离郡轻骑前方,洛川一身血甲并无脏污沾染,可他骑在大黑马背上,却始终没有将面甲掀开,他一只手攥着缰绳,另一只手则握在自己腰畔漆黑飞剑的剑柄上,将那飞剑压得剑鞘都翘了起来。
在他身后一侧,思齐盯着他握剑的手看了又看,始终没有多话,其他人就更加不会在这个时候开口说些什么,尤其当他们自家的心情也没有好到哪里去的时候,沉默,就是最好的选择。
骑兵一路深入,最终在沔津城近乎中心的区域,进入了军营地的范围。
一入军营,便豁然开朗,沔津城内拥挤得不堪重负又明显有些脏乱的气氛一扫而空,虽然眼下这处军营也明显处于超额状态,但相比较外面来说,实在已经好得像天堂一样了。
士卒们往来行走,各自忙碌,军官们指挥若定,并不慌张,一切看起来井然有序。
离郡轻骑大队转向,唯有箭头位置的望川剑修和洛长恭等通常充作洛川亲兵的百骑跟随,两百余骑一路向前,最终停在一处稍稍开阔些的所在,洛川翻身下马,朝着面前三人走去。
三人之中居中的一个,正是离郡郡尉赵无忌,在他左边站着的是甘原将军胖子韩丰,右边一个未等洛川靠近就噗通一声跪倒,将头死死顶在地上的,正是洛川前一晚在城外见过的沔津城守将。
“臣拜见太守大人。

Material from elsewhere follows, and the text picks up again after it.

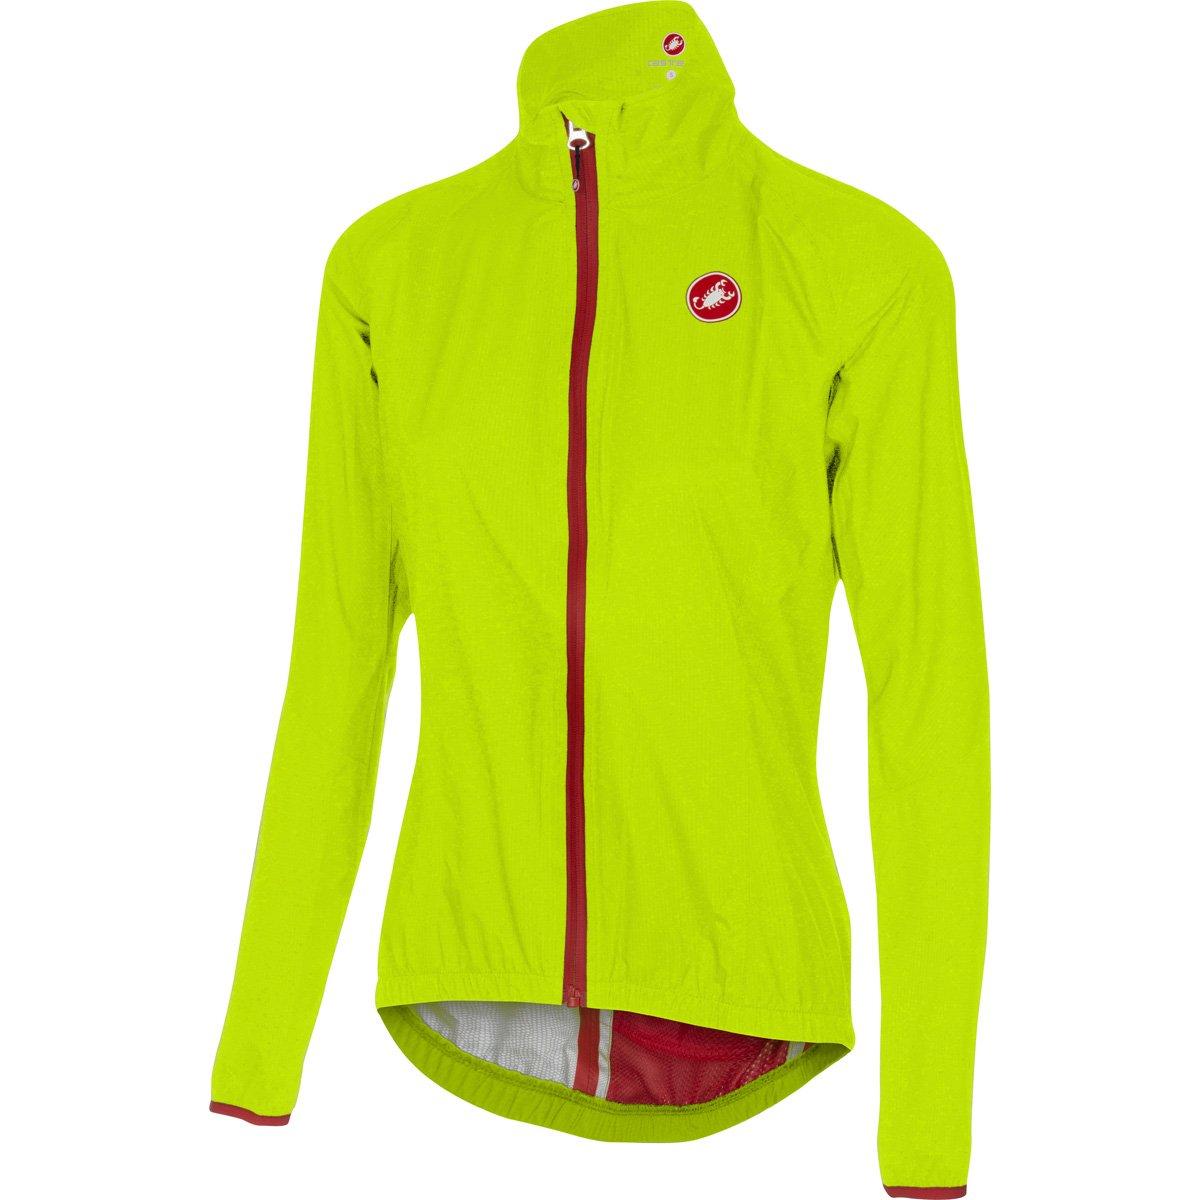 Castelli Riparo Jacket – Women 's B01M1Z0711 X-Small|イエロー(Yellow Fluo) イエロー(Yellow Fluo) X-Small

”
“属下叩见太守大人!”
“不必多礼,”洛川走到赵无忌面前,当先低头去看脚边仍旧跪着的一个,问道,“娄木,你的兵呢?”
那跪着的中年男人头也不抬的飞快答道,“回太守大人的话,属下已听从郡尉大人军令,将五千守军分作两部,接受整编,其中两千已向益城进发,最后并入陈将军麾下,另外三千则留在沔津,并入韩将军麾下。”
洛川看向赵无忌,见他点头,便道,“你的兵分作两部,自己又将往何处去?是去益城寻陈将军,还是留在这里追随韩将军?”
中年男人稍稍抬头,然后又重重的叩在地上,“属下请命南下,愿做太守大人收复河玉城一小卒,请太守大人恩准!”
“哦?”洛川低头看了看中年男人肩上的一颗金星,声音冷淡道,“娄木,虽然你应当与益城娄家有些关系,但一路做到都尉,可也不容易了,如果你跟着陈将军或者韩将军,此战之中再立下些功劳,都尉的位子还是坐得稳的,跟着我就没那么轻松了,说不得还要将这条命丢在战场上,你可想好了。”
中年男人声音坚硬,低垂下去的目光如同石头,“太守大人慧眼如炬,属下确实出身娄家,但娄家在军队里的影响力不及朝堂,是以属下便是将脑袋别在裤腰带上,最多也只能做到都尉,这便是永昌的规矩,可我听说太守大人只论军功不论出身,那属下便愿意弃了旧朝时候的一切,来换太守大人给一个建功立业的机会,一条走到最后能通往都尉之上的路!”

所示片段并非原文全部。